Я его также не люблю: я чувствую, что мы когда-нибудь с ним столкнемся на узкой дороге, и одному из нас несдобровать.
Приезд его на Кавказ – также следствие его романтического фанатизма: я уверен, что накануне отъезда из отцовской деревни он говорил с мрачным видом какой-нибудь хорошенькой соседке, что он едет не так, просто, служить, но что ищет смерти, потому что… тут, он, верно, закрыл глаза рукою и продолжал так: «Нет, вы (или ты) этого не должны знать! Ваша чистая душа содрогнется! Да и к чему? Что я для вас! Поймете ли вы меня?» – и так далее.
Он мне сам говорил, что причина, побудившая его вступить в К. полк, останется вечною тайной между им и небесами.
Впрочем, в те минуты, когда сбрасывает трагическую мантию, Грушницкий довольно мил и забавен. Мне любопытно видеть его с женщинами: тут-то он, я думаю, старается!
Мы встретились старыми приятелями. Я начал его расспрашивать об образе жизни на водах и о примечательных лицах.

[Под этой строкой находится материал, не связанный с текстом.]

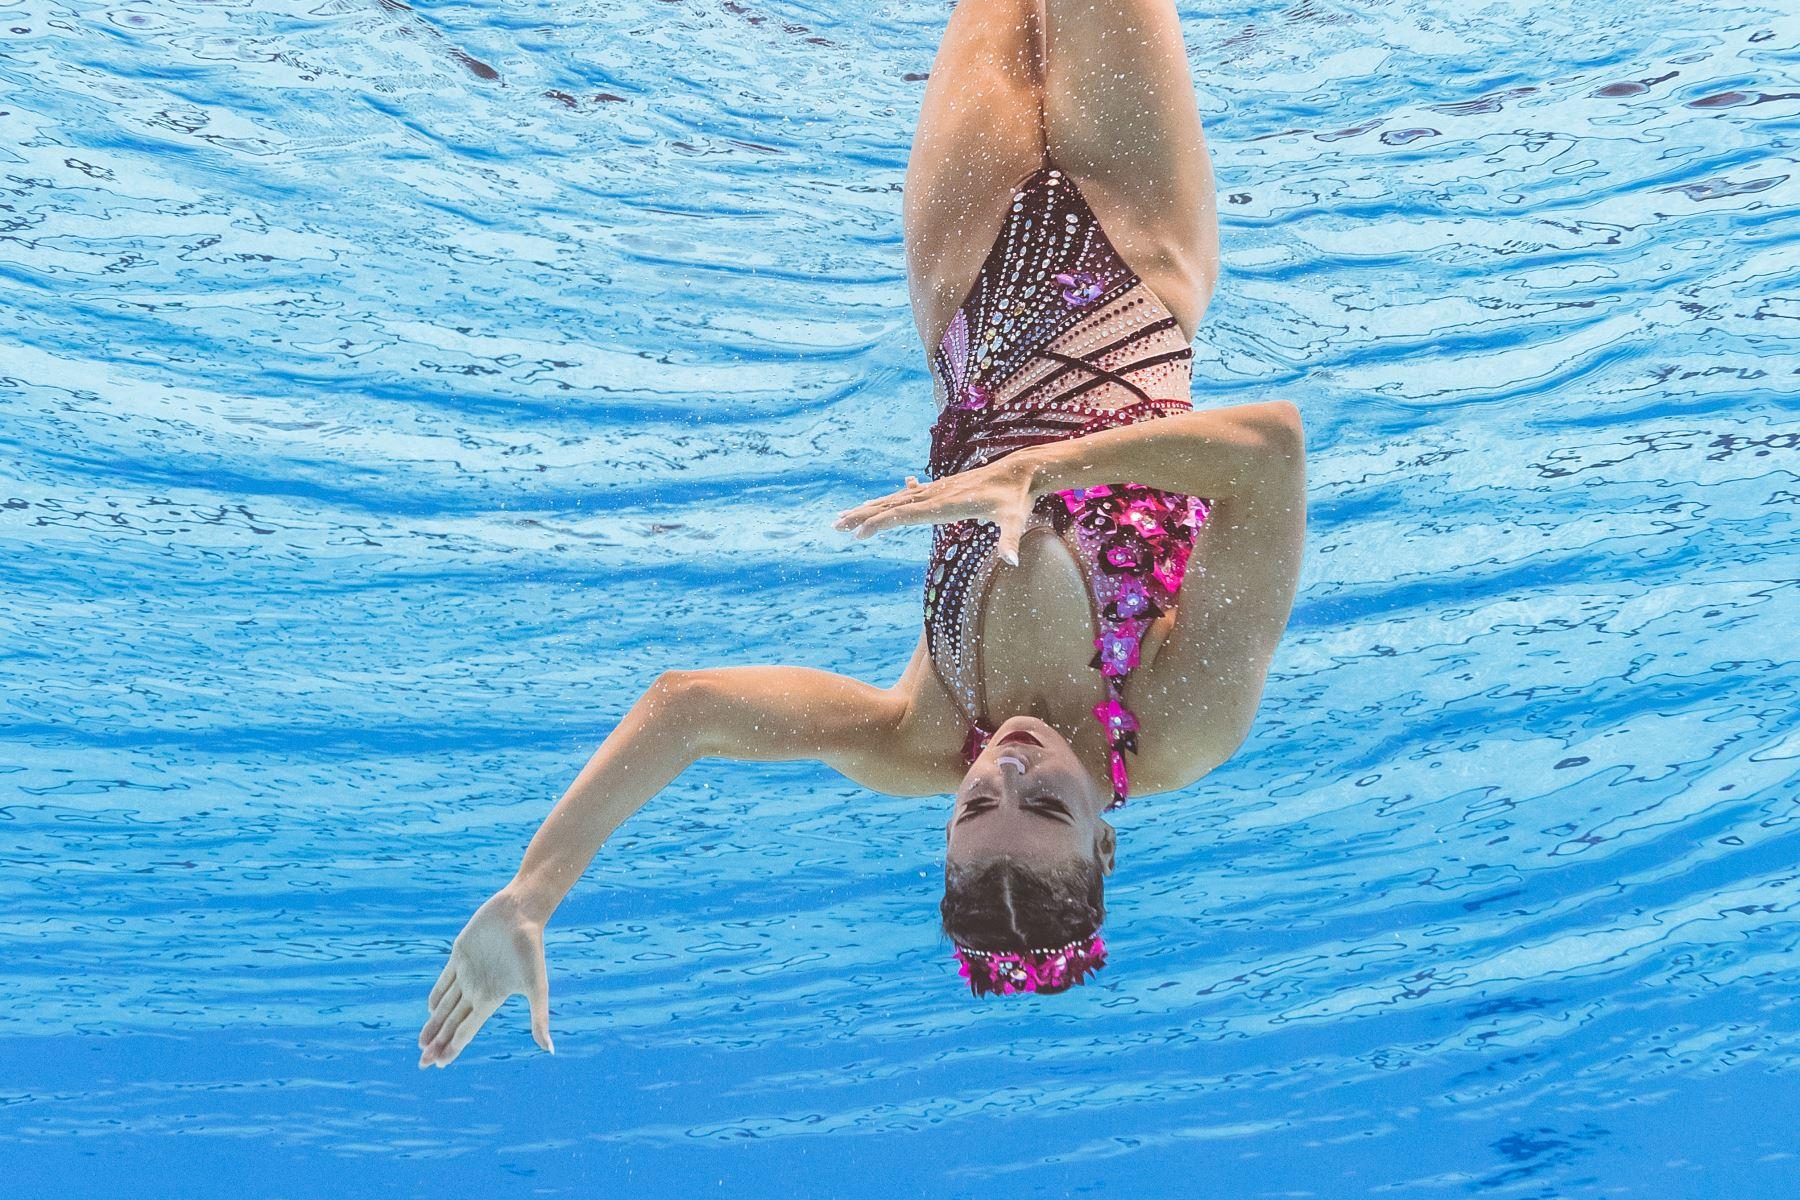 Vasiliki Alexandri de Austria compite en el evento de natación artística durante el campeonato mundial 2019 en Corea del Sur. Foto: AFP

– Мы ведем жизнь довольно прозаическую, – сказал он, вздохнув, – пьющие утром воду – вялы, как все больные, а пьющие вино повечеру – несносны, как все здоровые. Женские общества есть; только от них небольшое утешение: они играют в вист, одеваются дурно и ужасно говорят по-французски. Нынешний год из Москвы одна только княгиня Лиговская с дочерью; но я с ними незнаком. Моя солдатская шинель – как печать отвержения. Участие, которое она возбуждает, тяжело, как милостыня.
В эту минуту прошли к колодцу мимо нас две дамы: одна пожилая, другая молоденькая, стройная. Их лиц за шляпками я не разглядел, но они одеты были по строгим правилам лучшего вкуса: ничего лишнего! На второй было закрытое платье gris de perles, легкая шелковая косынка вилась вокруг ее гибкой шеи. Ботинки couleur puce стягивали у щиколотки ее сухощавую ножку так мило, что даже не посвященный в таинства красоты непременно бы ахнул, хотя от удивления. Ее легкая, но благородная походка имела в себе что-то девственное, ускользающее от определения, но понятное взору. Когда она прошла мимо нас, от нее повеяло тем неизъяснимым ароматом, которым дышит иногда записка милой женщины.
– Вот княгиня Лиговская, – сказал Грушницкий, – и с нею дочь ее Мери, как она ее называет на английский манер. Они здесь только три дня.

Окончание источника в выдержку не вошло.